■ Recorded data
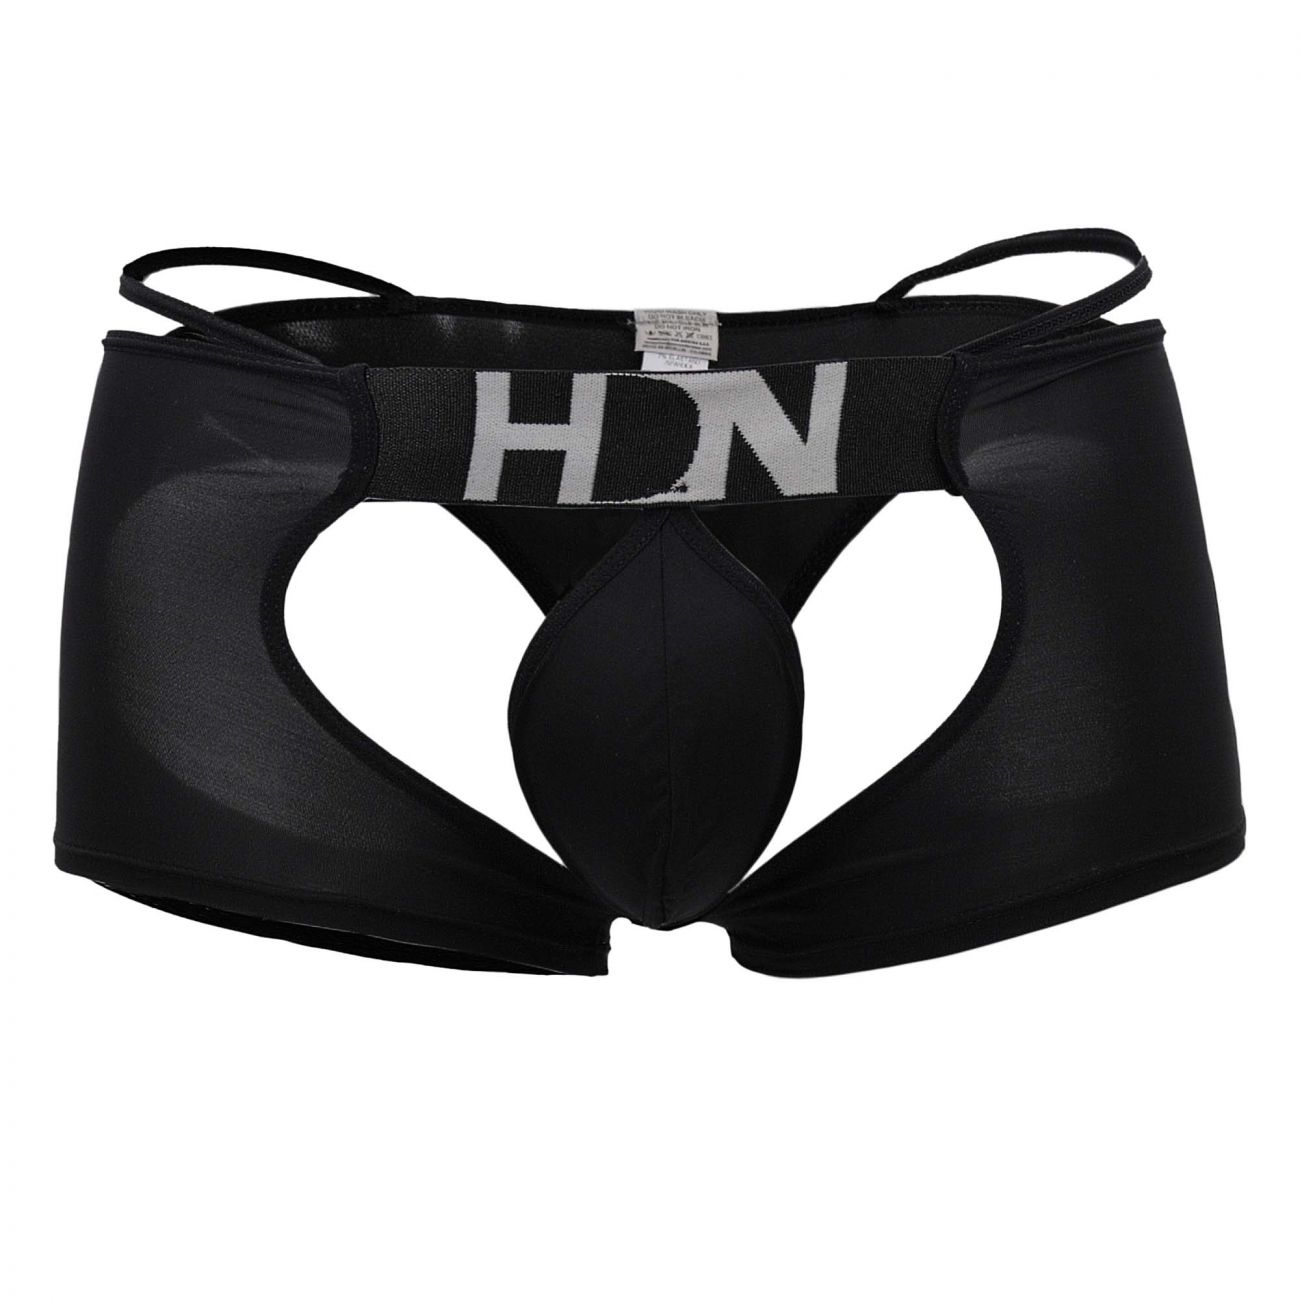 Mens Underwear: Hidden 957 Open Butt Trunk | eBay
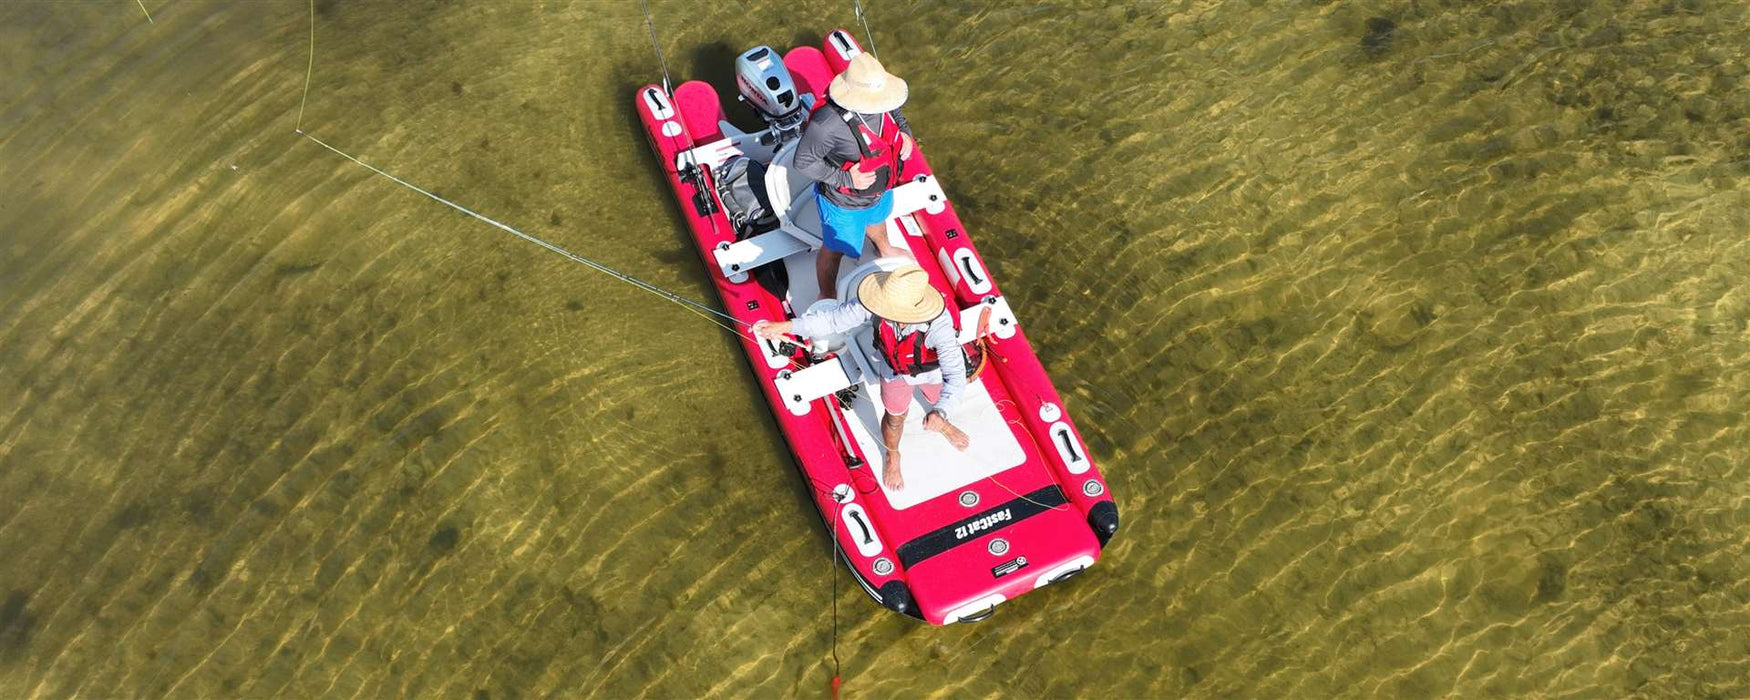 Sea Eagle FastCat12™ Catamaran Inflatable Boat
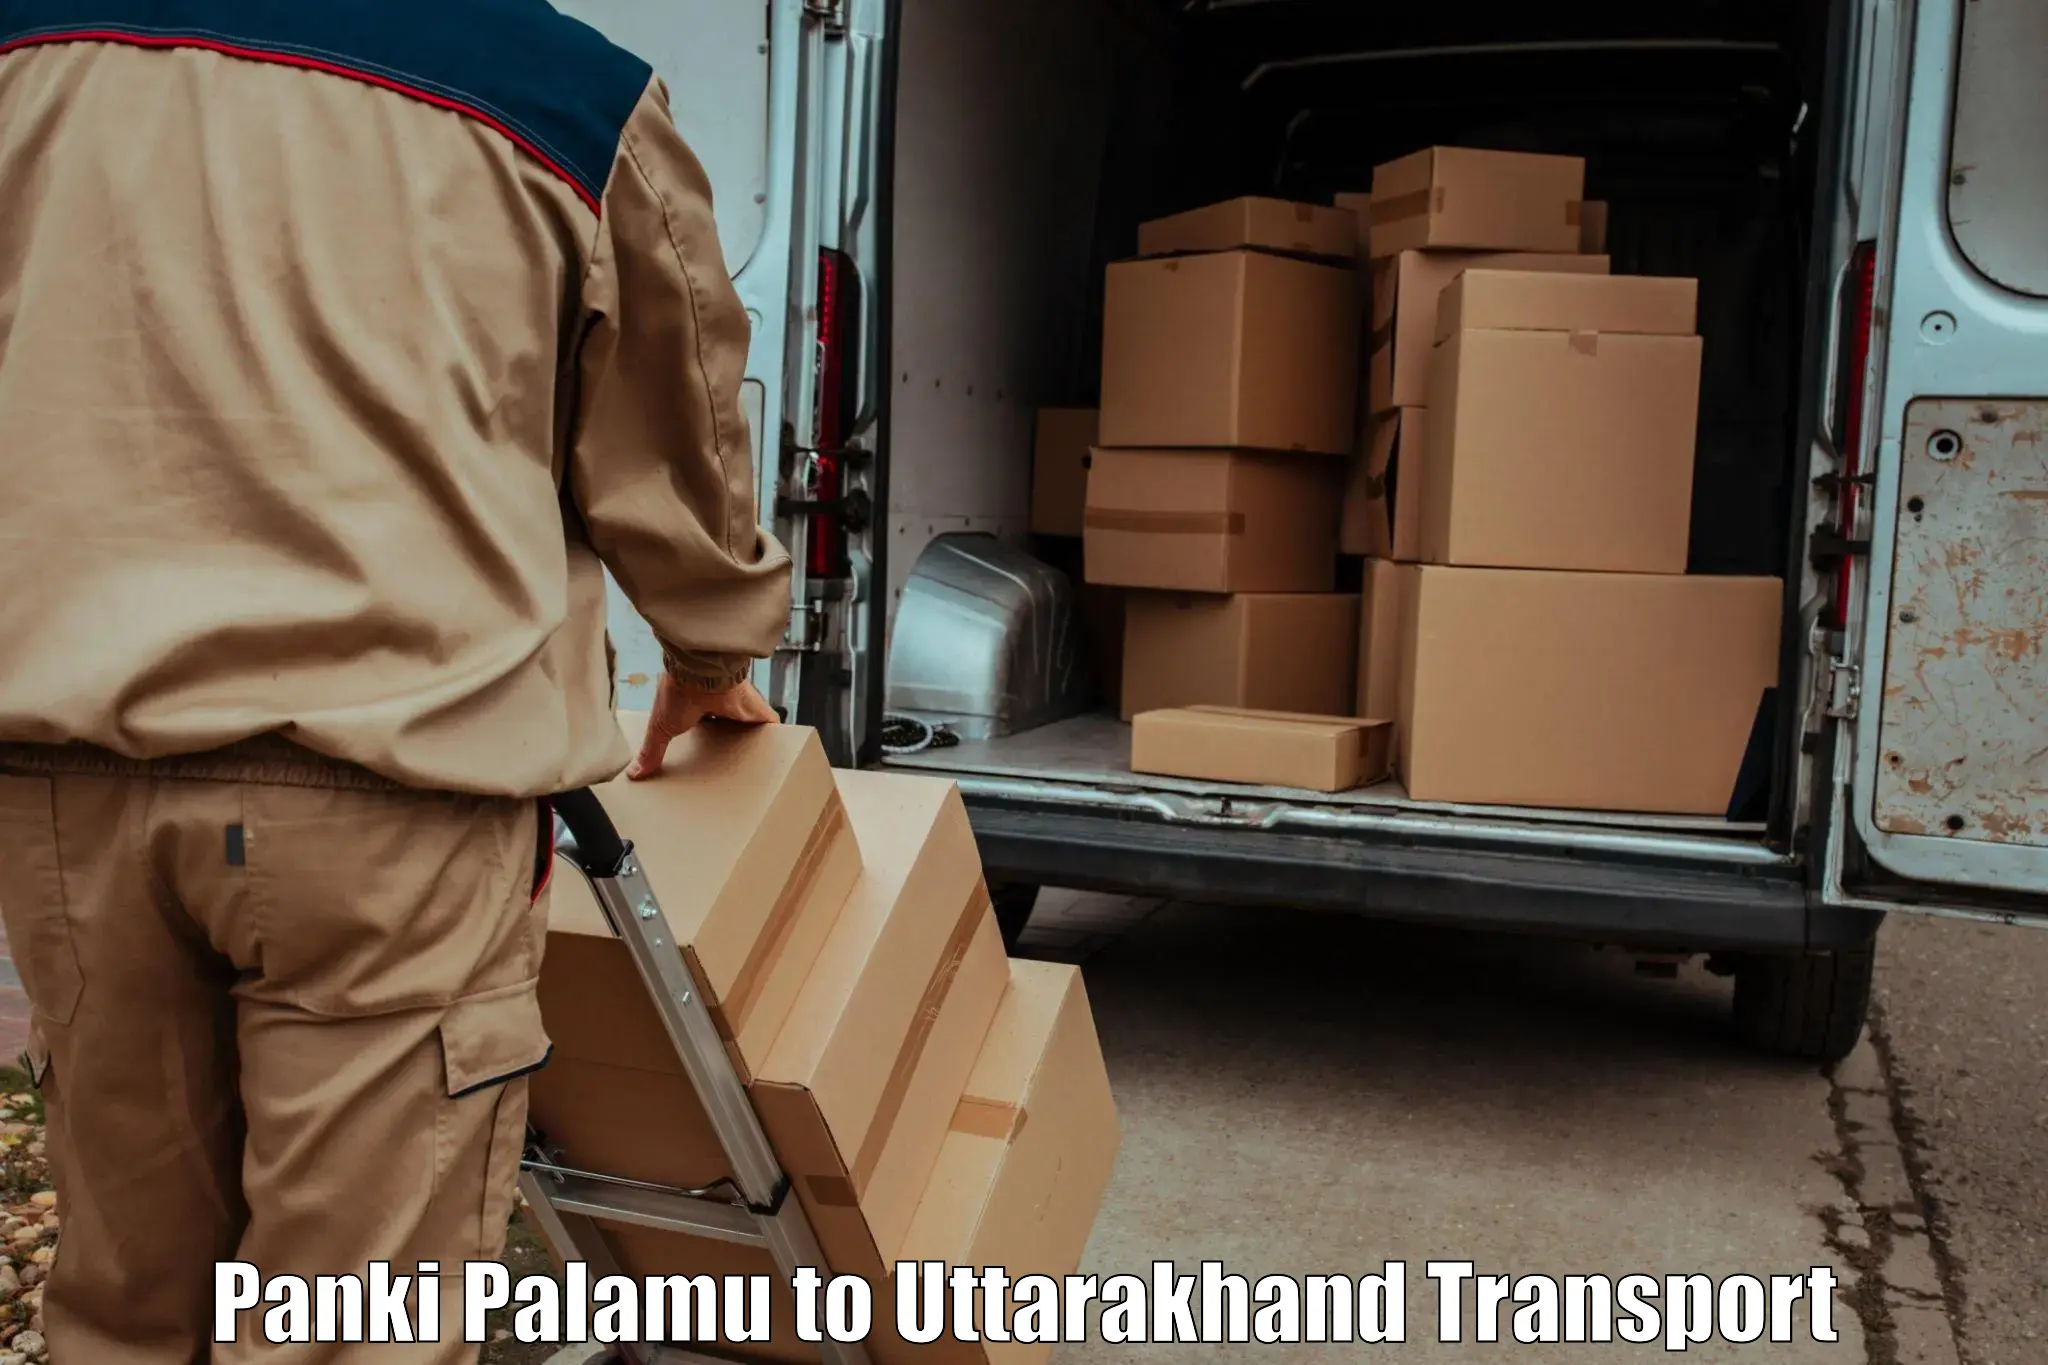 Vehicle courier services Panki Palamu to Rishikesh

■ Exercise
The output is the data above, repeated exactly, with pictures omitted.

■ Result of this task
 Mens Underwear: Hidden 957 Open Butt Trunk | eBay
 Sea Eagle FastCat12™ Catamaran Inflatable Boat
 Vehicle courier services Panki Palamu to Rishikesh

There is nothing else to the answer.